- [YOUR INSTRUCTIONS]:
From the listing below, output the lines between the one with "ladies-leopard-print-scarf-turquoise-white" and the one with "Marks & Spencer", including those two, and nothing else. Pictures are not copied.

- [DATASET]:
########
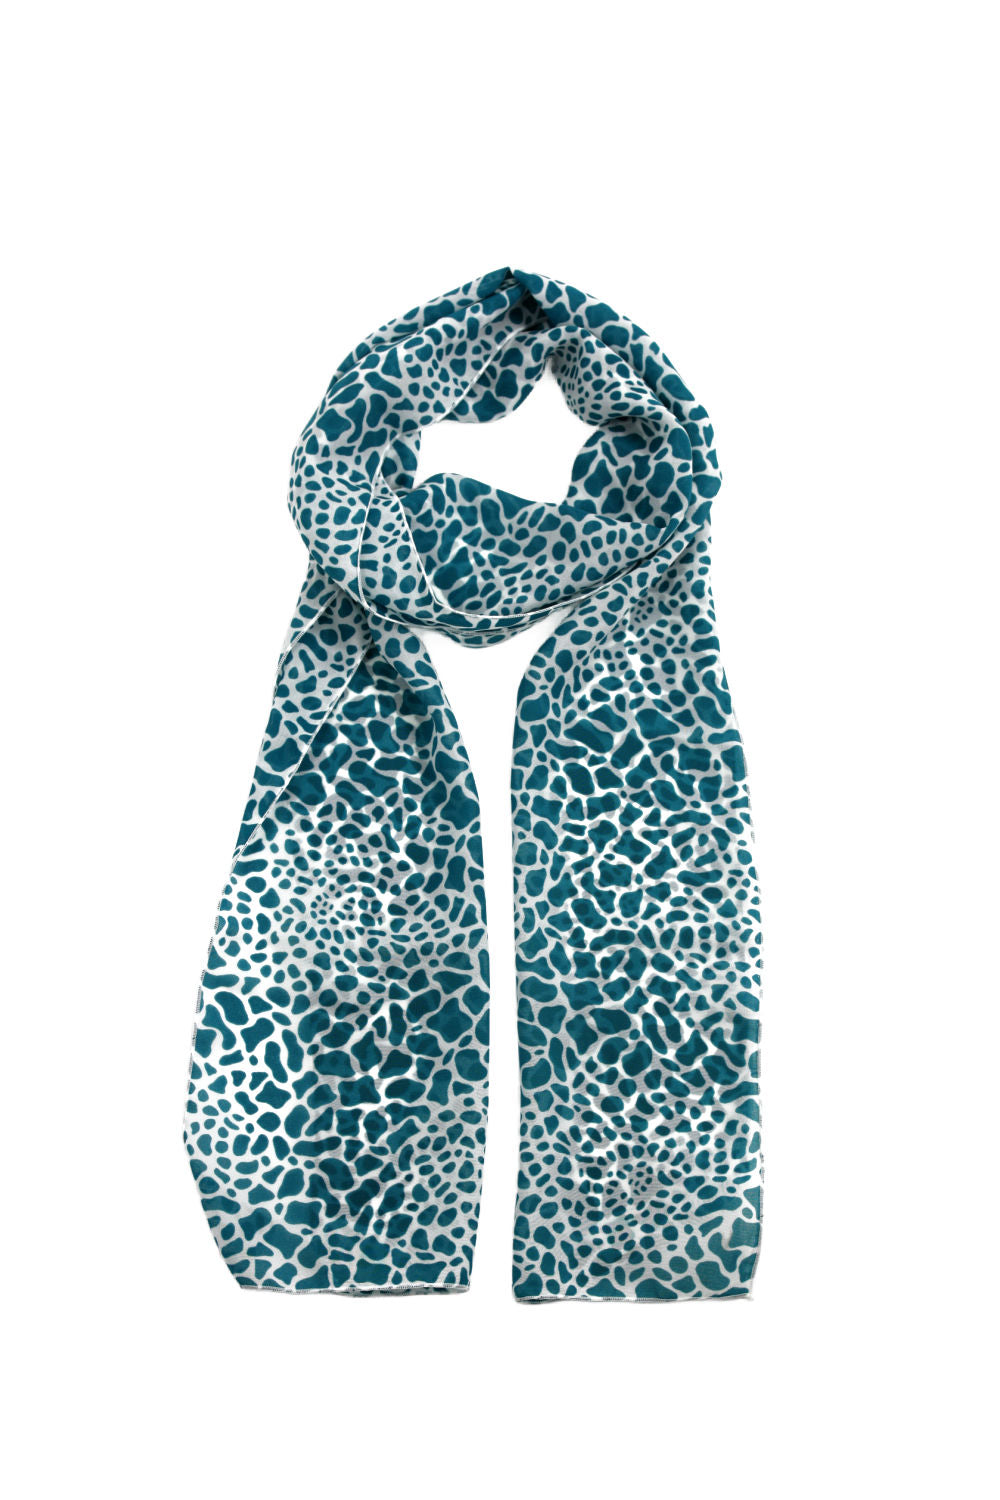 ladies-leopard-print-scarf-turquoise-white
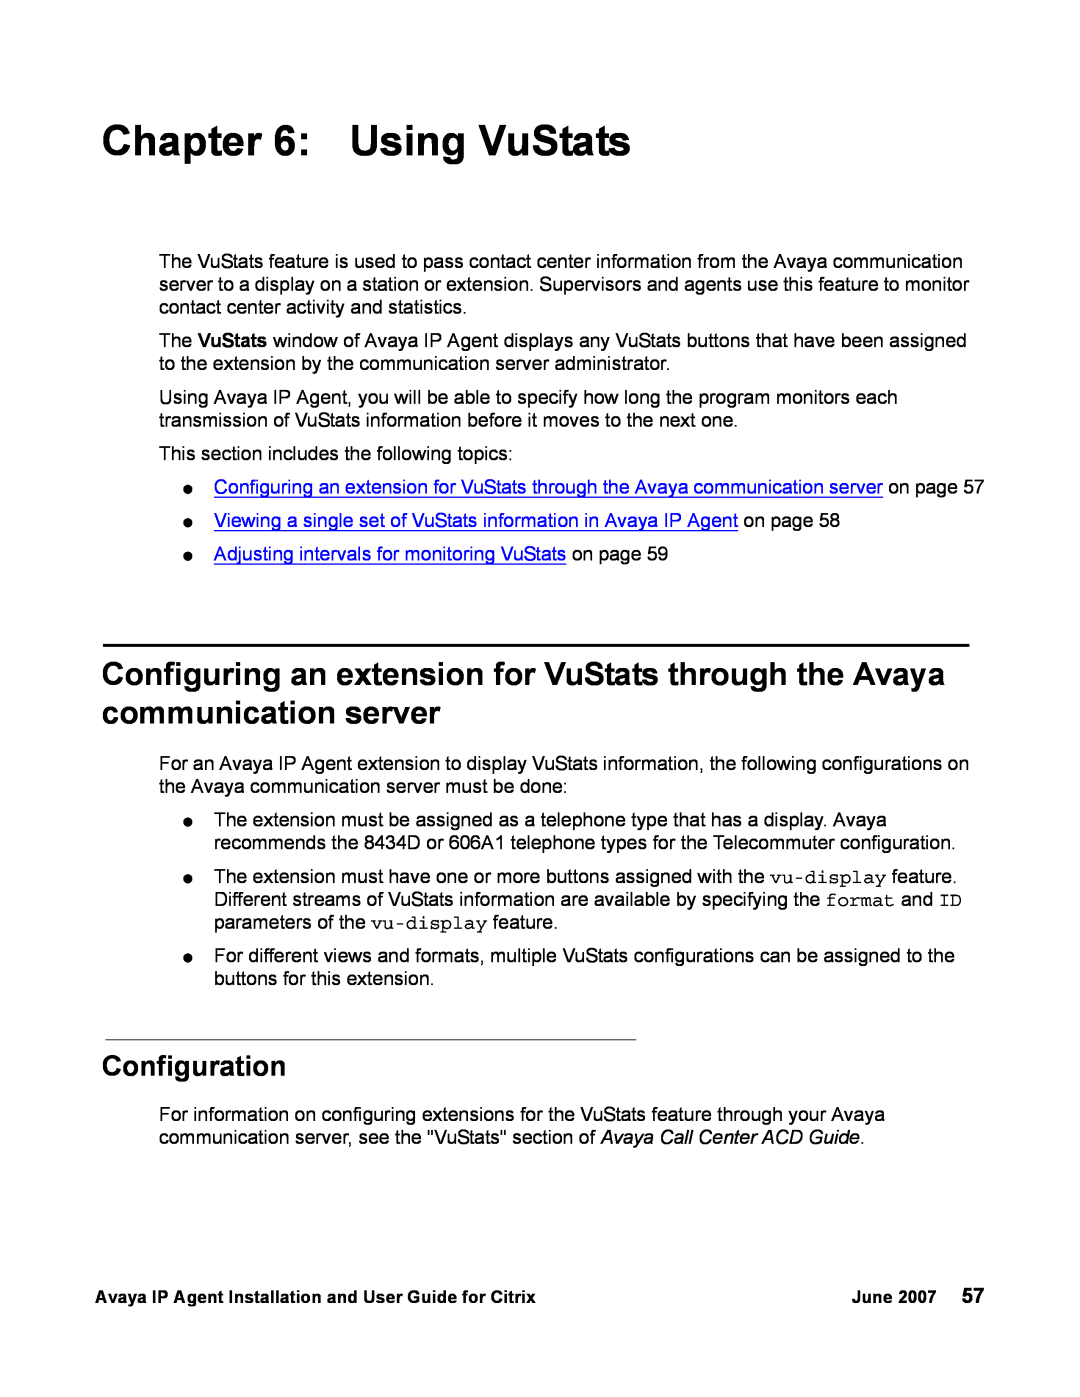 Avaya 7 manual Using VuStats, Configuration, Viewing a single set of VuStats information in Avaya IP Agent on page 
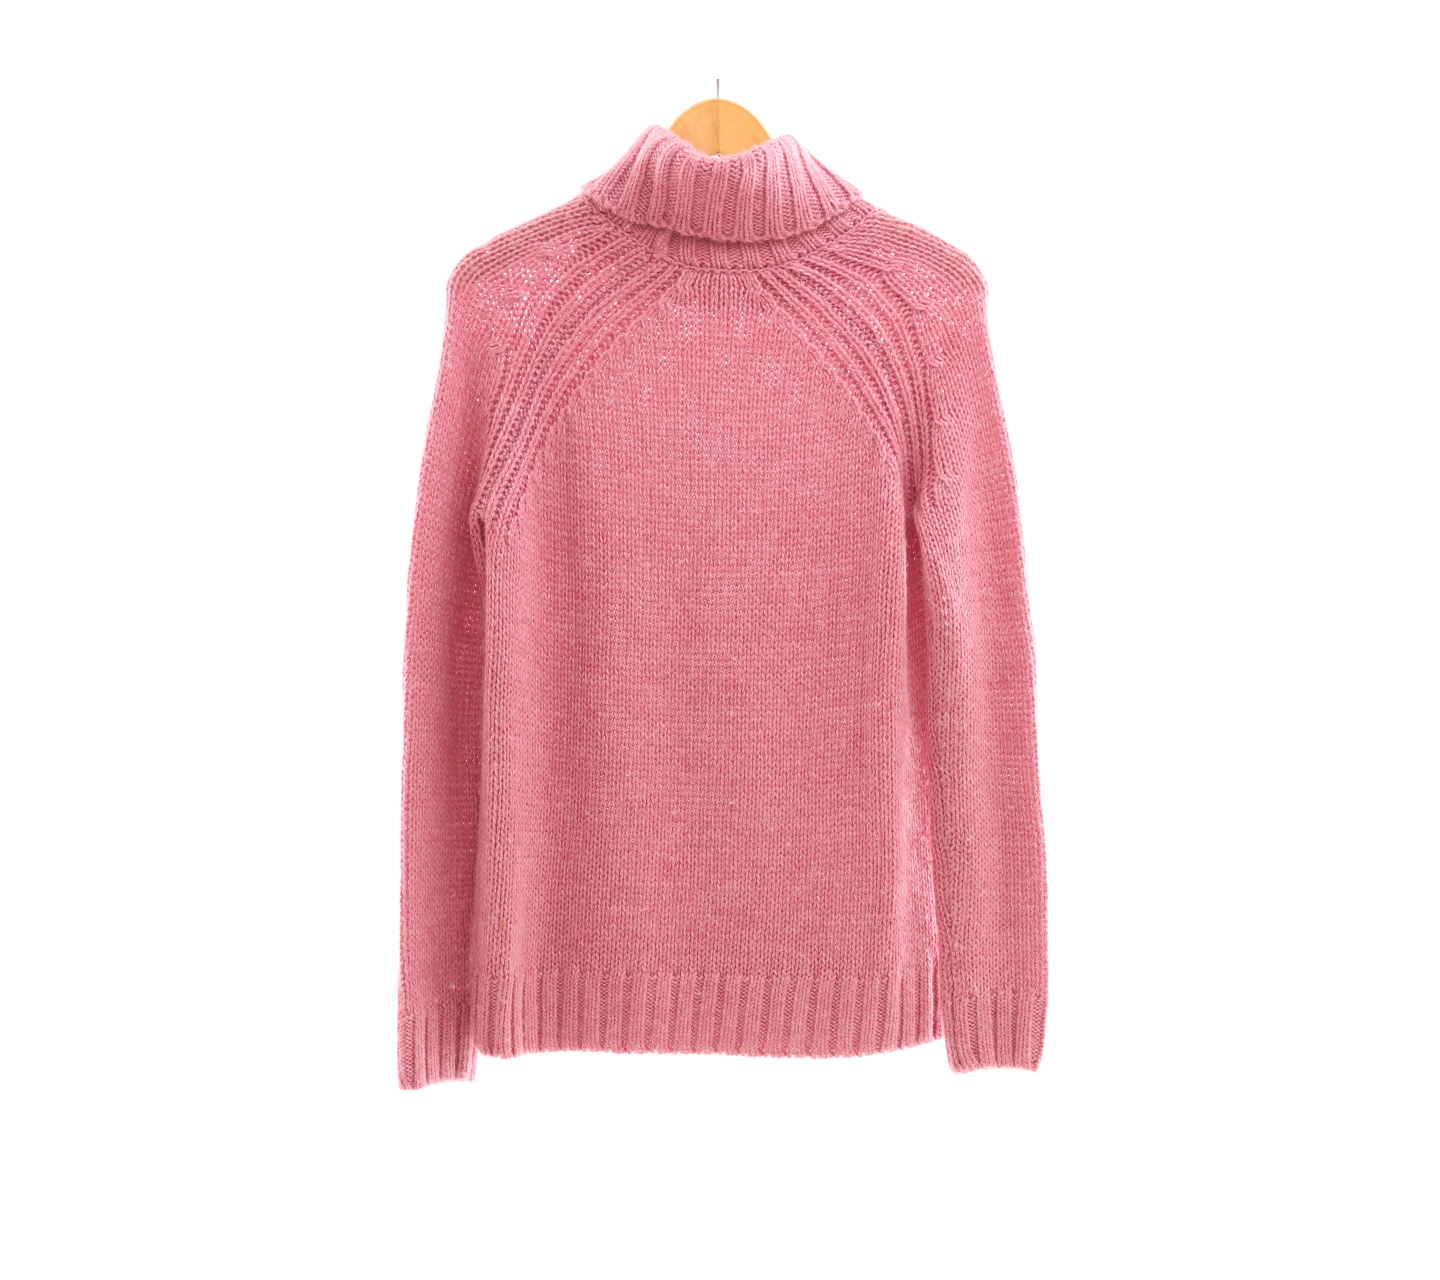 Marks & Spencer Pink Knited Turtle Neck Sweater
########
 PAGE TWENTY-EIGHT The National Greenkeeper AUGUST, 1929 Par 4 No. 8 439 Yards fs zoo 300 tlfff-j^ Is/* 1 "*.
########
- [OUTPUT BELOW]:
 ladies-leopard-print-scarf-turquoise-white
 Avaya 7 manual Using VuStats, Configuration, Viewing a single set of VuStats information in Avaya IP Agent on page 
 Marks & Spencer Pink Knited Turtle Neck Sweater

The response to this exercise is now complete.